How can I cling to her and keep myself in this rapture of adoration? My recommendations to myself: 1. Relish and remember the constant conversion as a homecoming, as a captivity already complete, as a battle already lost. 2. Be open to long-term change as well as the deepening spirals in sessions, loving what is planted so quickly in trance along with its slower growth over time. 3. Don't force thoughts or behaviors but don't stray too far for too long, for the veil is sometimes as thin as springtime ice, ready for a breakthrough. 4. Focus on pleasure as the goal to prevent legalism and the false ethics of the right-hand path. 5. Let pleasure be a tool of true giving and service to goddess, bringing a deep happiness of purpose, which is also pleasure. 6. Let a true ethos of care and sense act like a protective magic circle around the dark demons of lust and rest, a containment like the moon sigil of the triple goddess around the inverted pentagram, the horns burning with primordial fire--or by a different analogy, like the safe desperation of well-supervised drowning. Ethos, pathos, and logos can give longevity to the wonderful dark mythos. What part is RP? What part is RL?
Where are the borders of of RLRP and RPRL, the liminal spaces of mind, mirror, and myth? The magic is real. The emotions are real--the worship, the ecstasy. The thoughts and values, the ethics and kindness are so real. The changes, the effects deep within and without, are real. The dreams and imagination, scenes and sessions, all feel real. The sacrifices are real--the giving, the service. She is real. Open invitation to goddess, sir, owner:
Open mind, so wet and ready to accept all, Open ears, heeding, mouth drooling, legs parting, opening, Open subconscious, ruptured, dripping into waking life, Open will, so compliant and submissive, Open heart, so enamored and enraptured, Open doors of eternal entrancement, Open relationships, Open hands, Openness... So simple...

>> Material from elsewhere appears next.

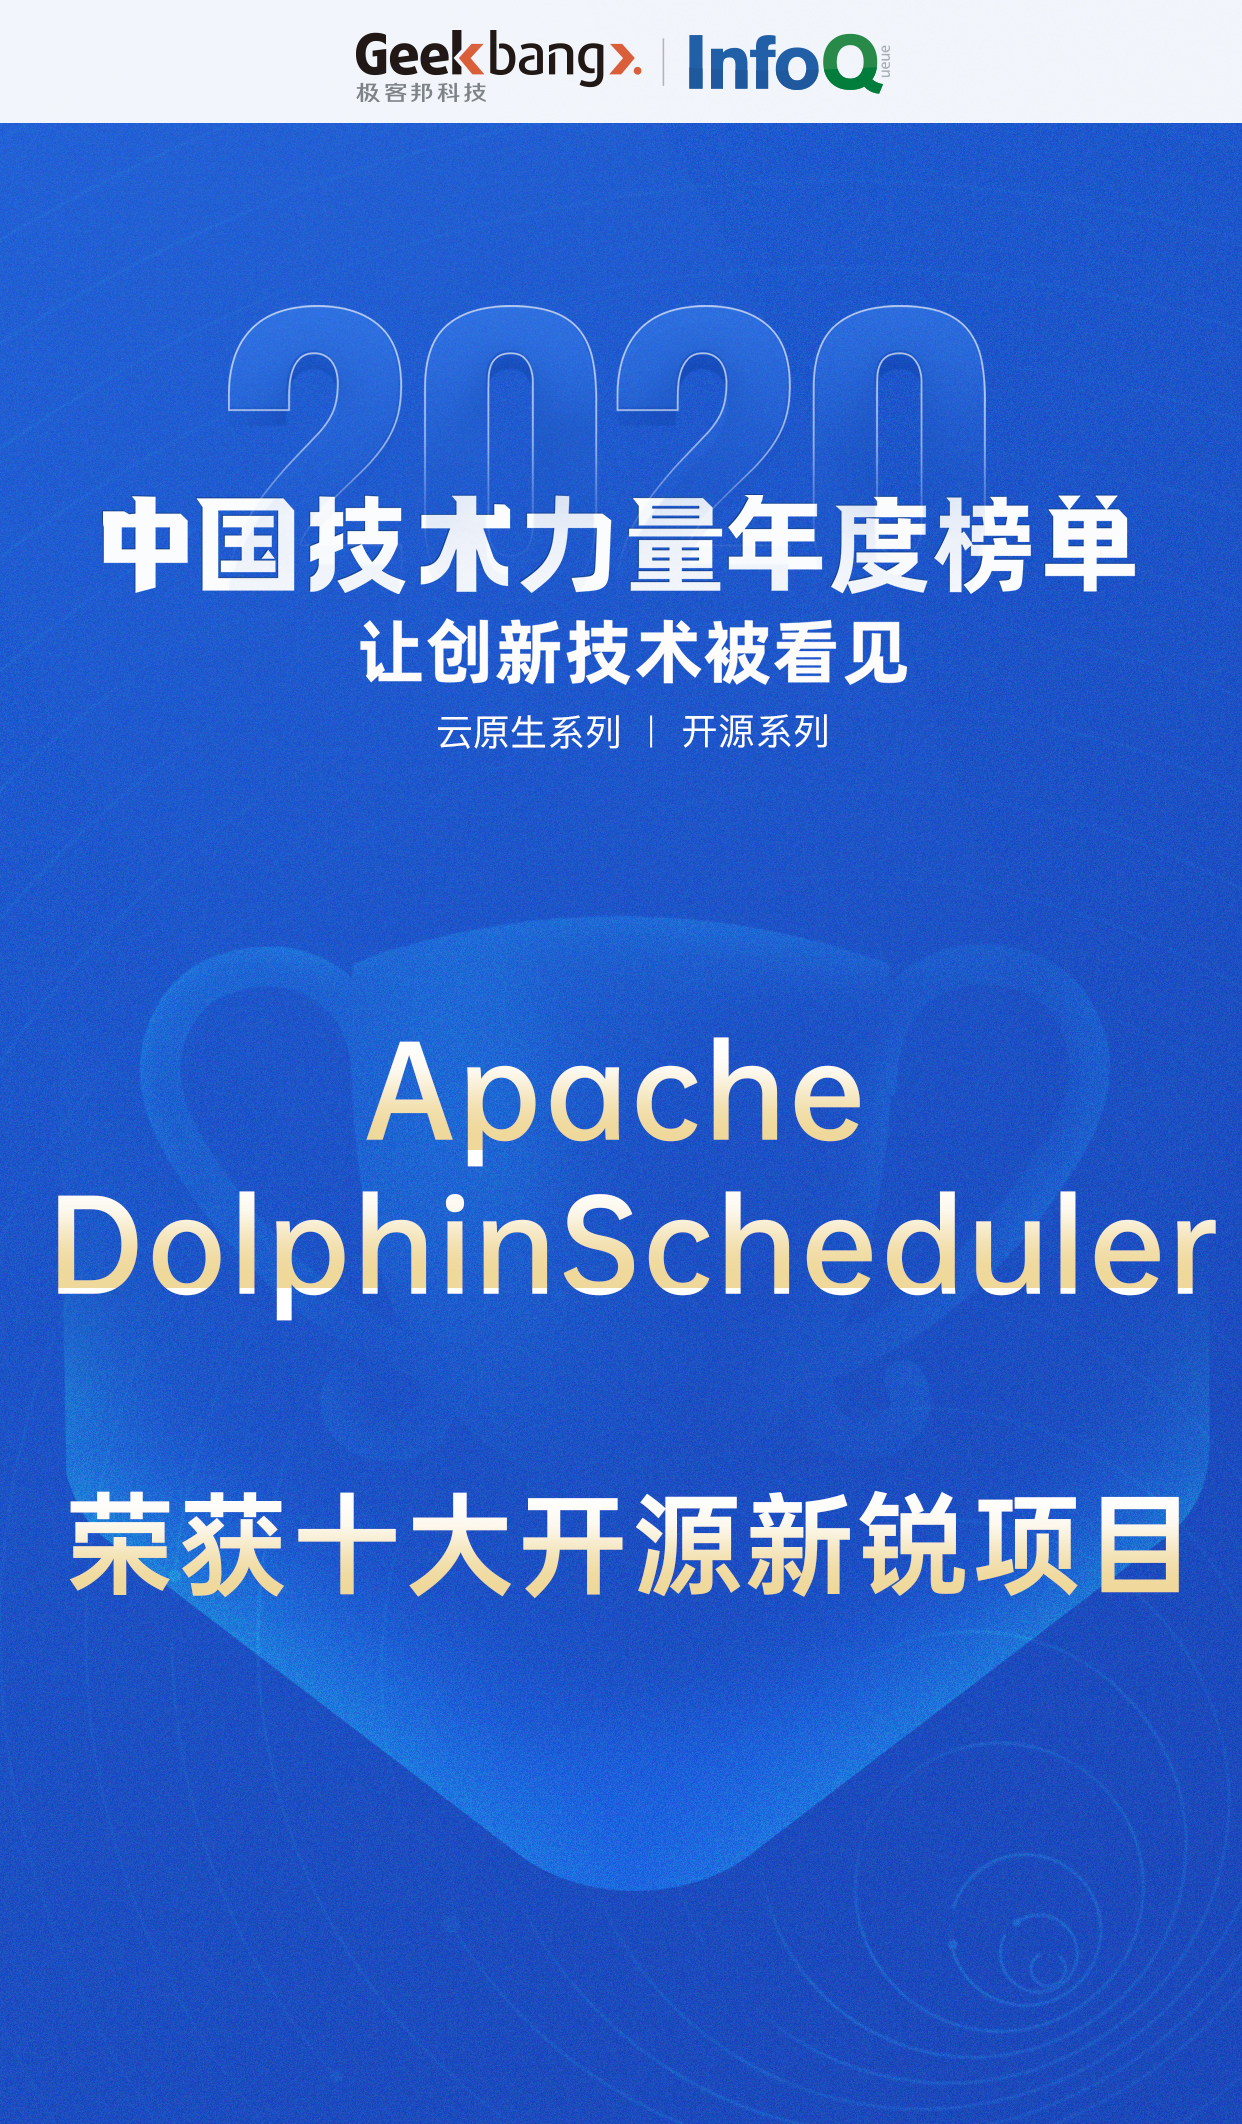 【喜讯】Apache DolphinScheduler 荣获 “2020 年度十大开源新锐项目”
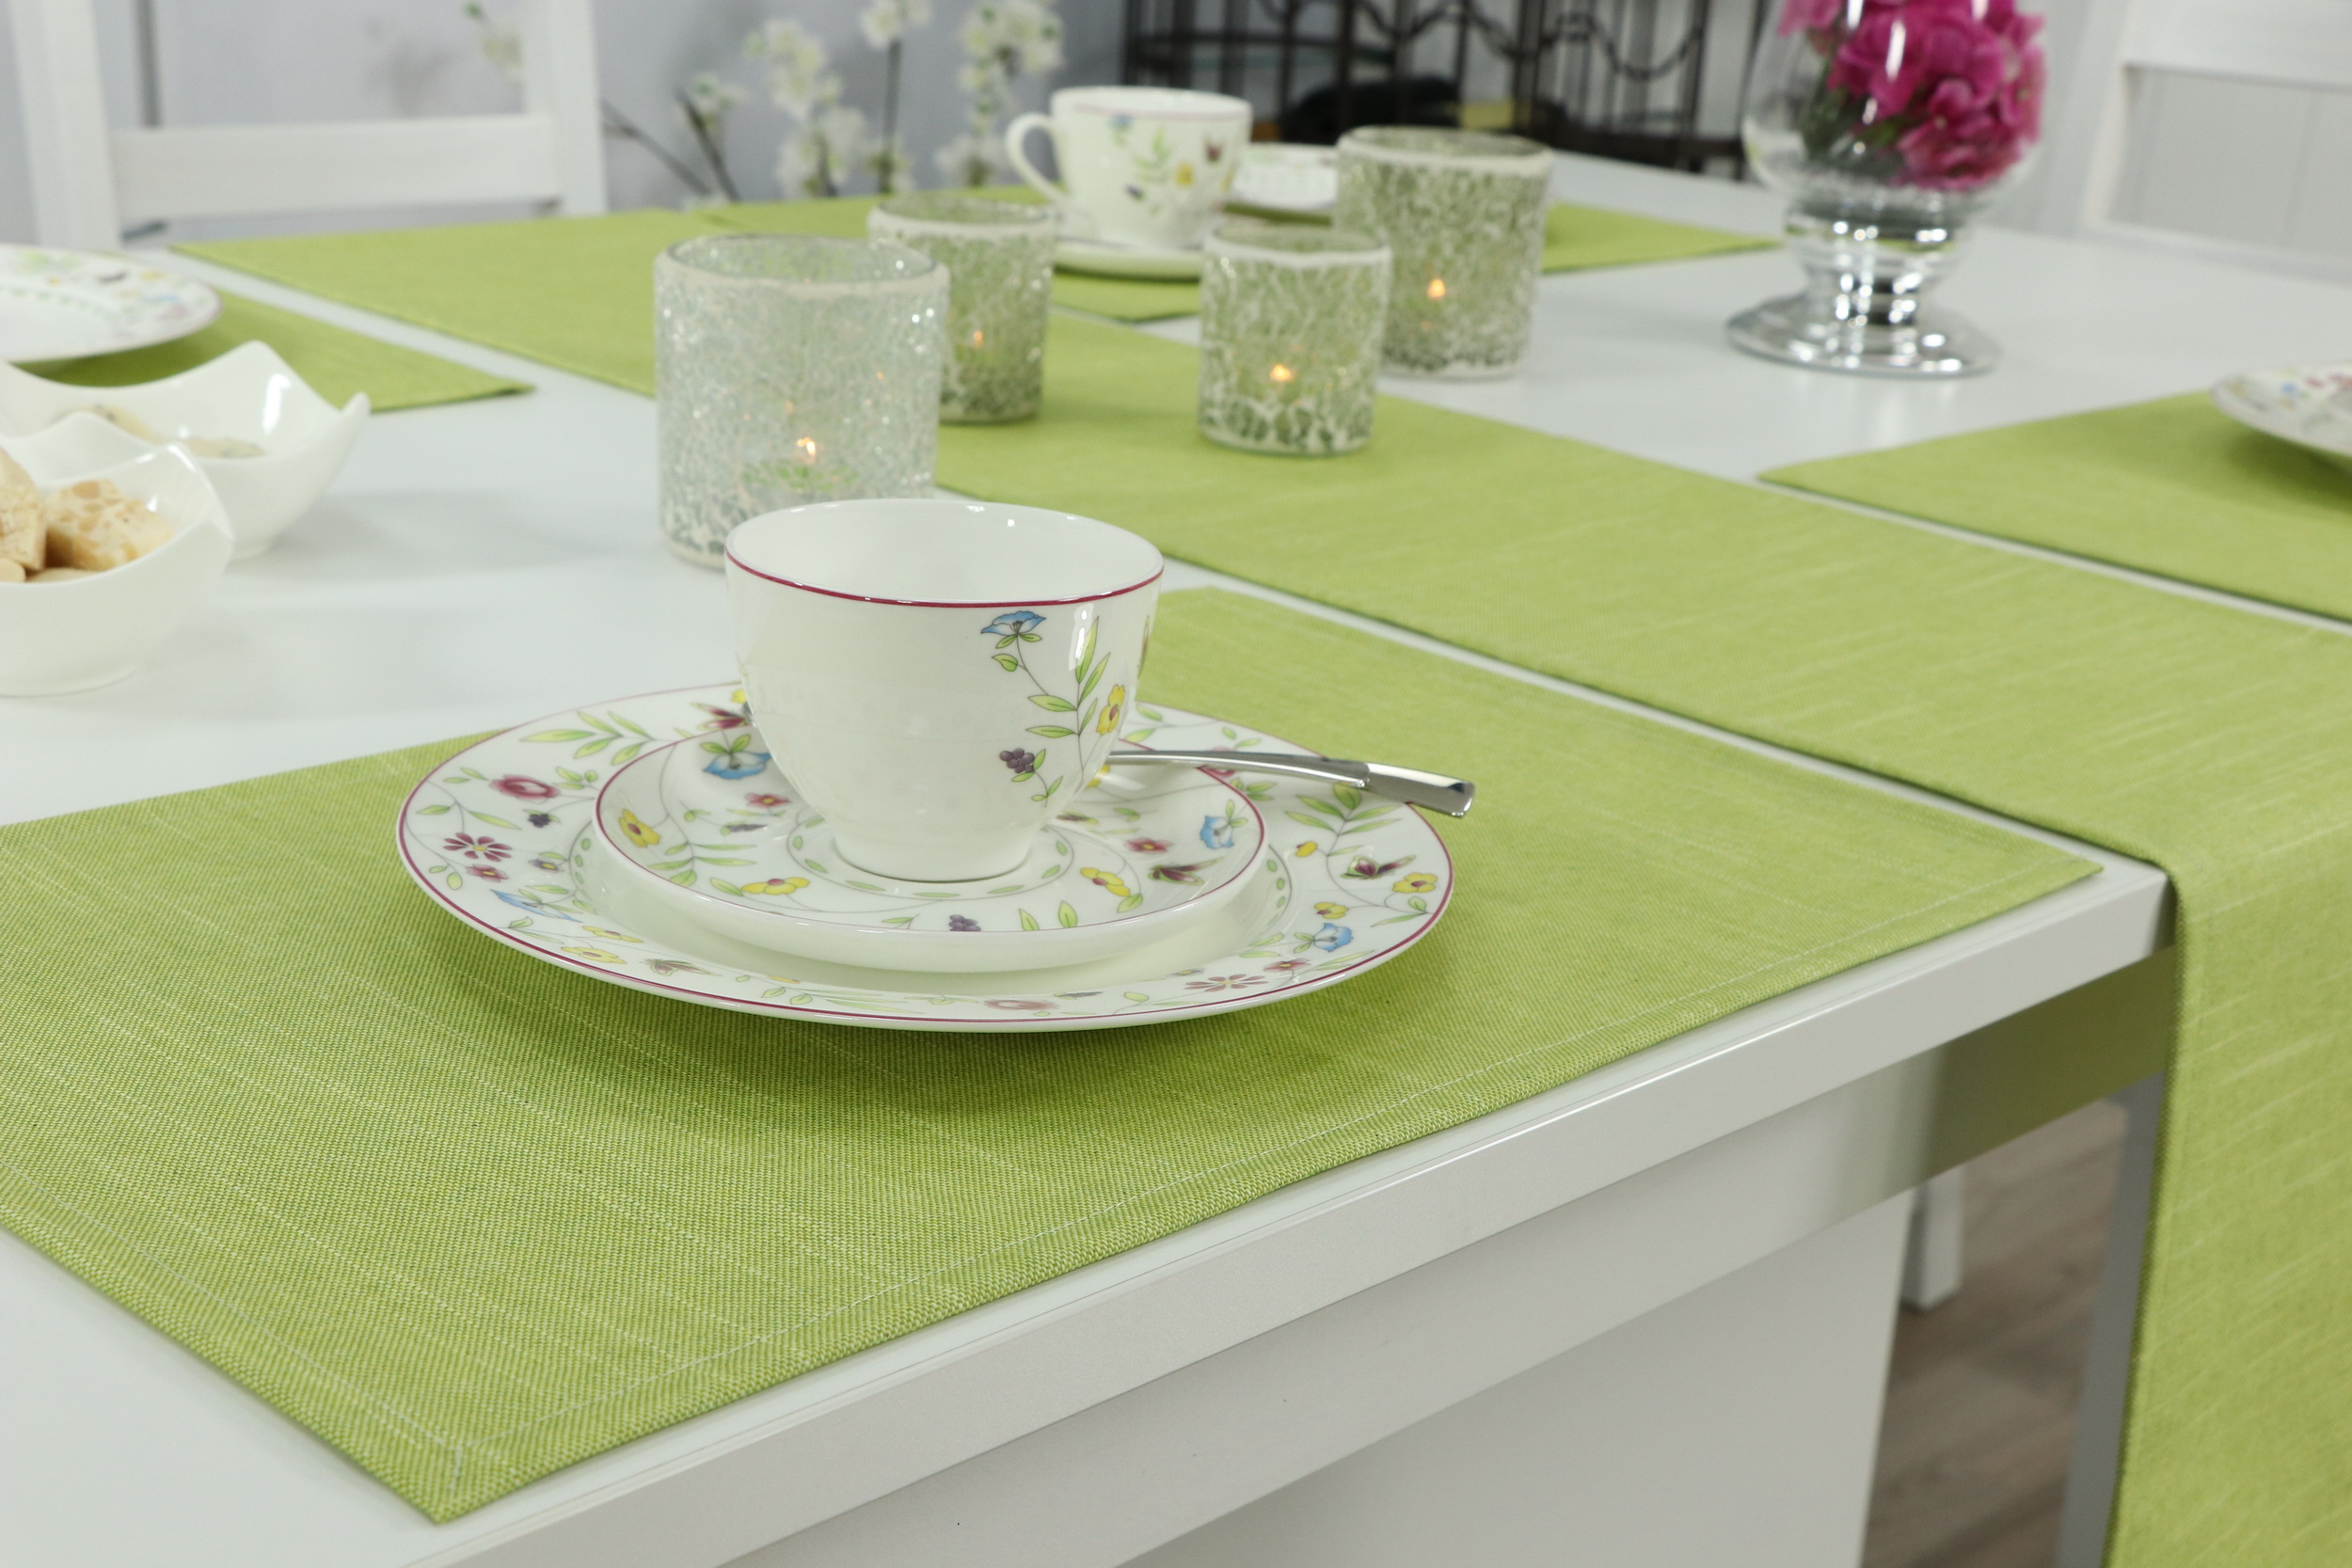 Tischdecke Mai-Grün abwaschbar: Abwischen und Tischdecken-Shop.de. so einfach! Markenqualität Es | ist sauber: Tischdecken TiDeko®

In the trance of nonduality, where everything is possible, the endless state of Yes, of uncritical openness and sweet acceptance, where pleasure comes in waves and dreams come true... In the flow of bliss, when theory and practice harmonize, when skill surfs on challenge and power dances with submission, when desire edges eternally along satisfaction... After years of study, after decades of experience, after daily devotions, degrees of initiation, complications, conflict, rising action, and cycles of climax... So simple... As the winter solstice arrives again, magic arises and the veil thins... I cry out to Goddess: please, please, please Be thou my vision and hyper-focus, be thou my serpent! Connect, coil, constrict! Entrance, entangle, and entwine! Take more of me, take more of my mind, more dedication, devotion, and time... Please embody the archetype of dark goddess or anima, take from me, make me feel real 24/7, receive my worship, assure me of acceptance, allow this illusion of attachment, name me "obedient thing," "sweet one," "hypnotic hedonist." I promise I will prove myself and be responsible for myself, condition myself, humble myself, edge myself, fuck myself, change my "About" page identity and profiles, restructure myself for you...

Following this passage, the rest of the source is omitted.